O fator extraordinário que impactou o resultado, por sua vez, foi a decisão do Tesouro Nacional de antecipar, para maio e junho, os pagamentos de precatórios e sentenças judiciais, que habitualmente eram feitos em novembro e dezembro.  Em maio foram pagos R$ 10 bilhões, e outros R$ 8,9 bilhões estão previstos para junho. 

“Não se trata de uma despesa adicional, apenas do reordenamento ao longo do ano do pagamento dessas despesas”, destacou Vescovi. “Decidimos pagar em maio e junho, pois isso trará uma economia para as despesas anuais em torno de R$ 600 milhões a R$ 700 milhões”, afirmou, acrescentando que essa economia ocorre porque os recursos são atualizados monetariamente mês a mês. A antecipação, portanto, é uma medida de responsabilidade e ajuda a cumprir a meta para o ano, acrescentou ela.   

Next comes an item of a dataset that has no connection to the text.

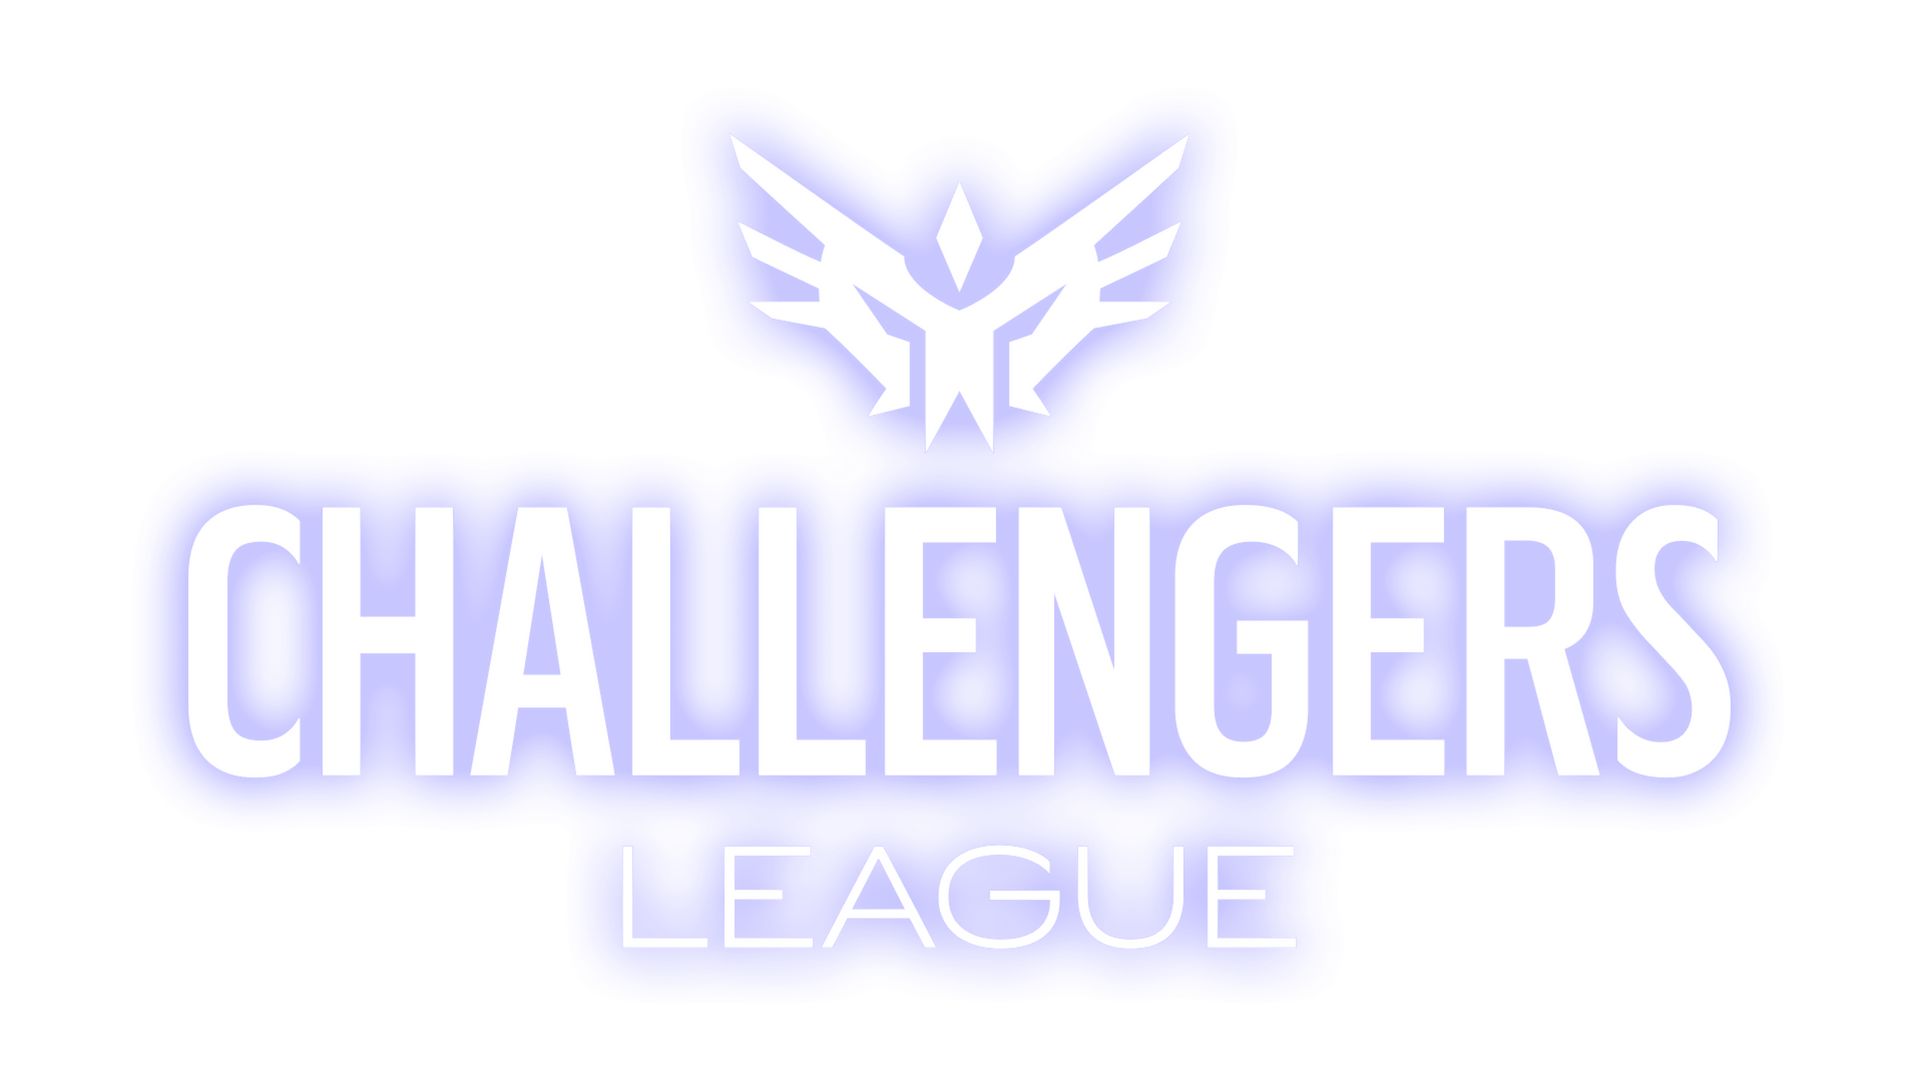 Challengers League

Vescovi apontou ainda que, mesmo com o impacto desses fatores sazonais e extraordinários sobre o resultado de maio, o déficit veio menor do que a programação financeira para o mês. Isso tem se repetido em todos os meses deste ano – os resultados realizados estão vindo sempre melhores do que os programados, conforme aponta um gráfico do Tesouro. 

Meta

Em 12 meses, o déficit do governo central – que engloba as contas do Tesouro Nacional, Banco Central e Previdência Social – soma R$ 167,6 bilhões, o equivalente a 2,59% do PIB. A meta para o déficit do governo central neste ano é de R$ 139,0 bilhões e será cumprida, garantiu a secretária. 

“Há várias medidas tramitando no Congresso, algumas já aprovadas, e que serão adicionadas à programação do ano para complementar os esforço de cumprimento da meta fiscal”, disse Vescovi. De acordo com ela, o segundo semestre terá sazonalidade mais favorável, e são esperadas receitas extraordinárias com repatriação, concessões e operações com ativos. Além disso, leilões estão previstos para setembro, outubro e novembro, afirmou. 

“Temos um cronograma de acompanhamento bastante estrito dessas medidas, que têm editais, normas lançadas e que vão ocorrer no seu devido tempo”, afirmou Vescovi. Além disso, destacou a secretária, o Tesouro dará todas as informações necessárias para a tomada de decisão e a realização dos ajustes necessários à programação financeira ao longo do ano.     

Previdência

Mais uma vez, a secretária chamou atenção para a discrepância entre as contas da Previdência e o restante do governo. No acumulado de janeiro a maio deste ano, o Regime Geral de Previdência Social (RGPS) registrou déficit de R$ 70,4 bilhões, enquanto o Tesouro Nacional e o Banco Central foram superavitários em R$ 35,4 bilhões. A projeção para o fechamento do ano é de um déficit de R$ 184,2 bilhões para o RGPS e de R$ 254,4 bilhões quando somado com o Regime Próprio de Previdência Social (RPPS). 

“A agenda previdenciária é uma agenda do Brasil, uma agenda de Estado. Além de muito importante, é inevitável por causa da evolução demográfica”, afirmou Vescovi. Segundo ela, o Congresso saberá encontrar o melhor momento de votar essa reforma, e o Tesouro está à disposição para debater, tanto com os congressistas quanto com a sociedade, a importância de mudar as regras de aposentadoria. 

O gasto elevado com a Previdência explica a resistência das despesas obrigatórias e contrasta com o esforço do governo em reduzir as despesas discricionárias com controle de fluxo, que diminuíram em R$ 19 bilhões no acumulado dos cinco primeiro meses deste ano em comparação com igual intervalo do ano passado, para R$ 35 bilhões.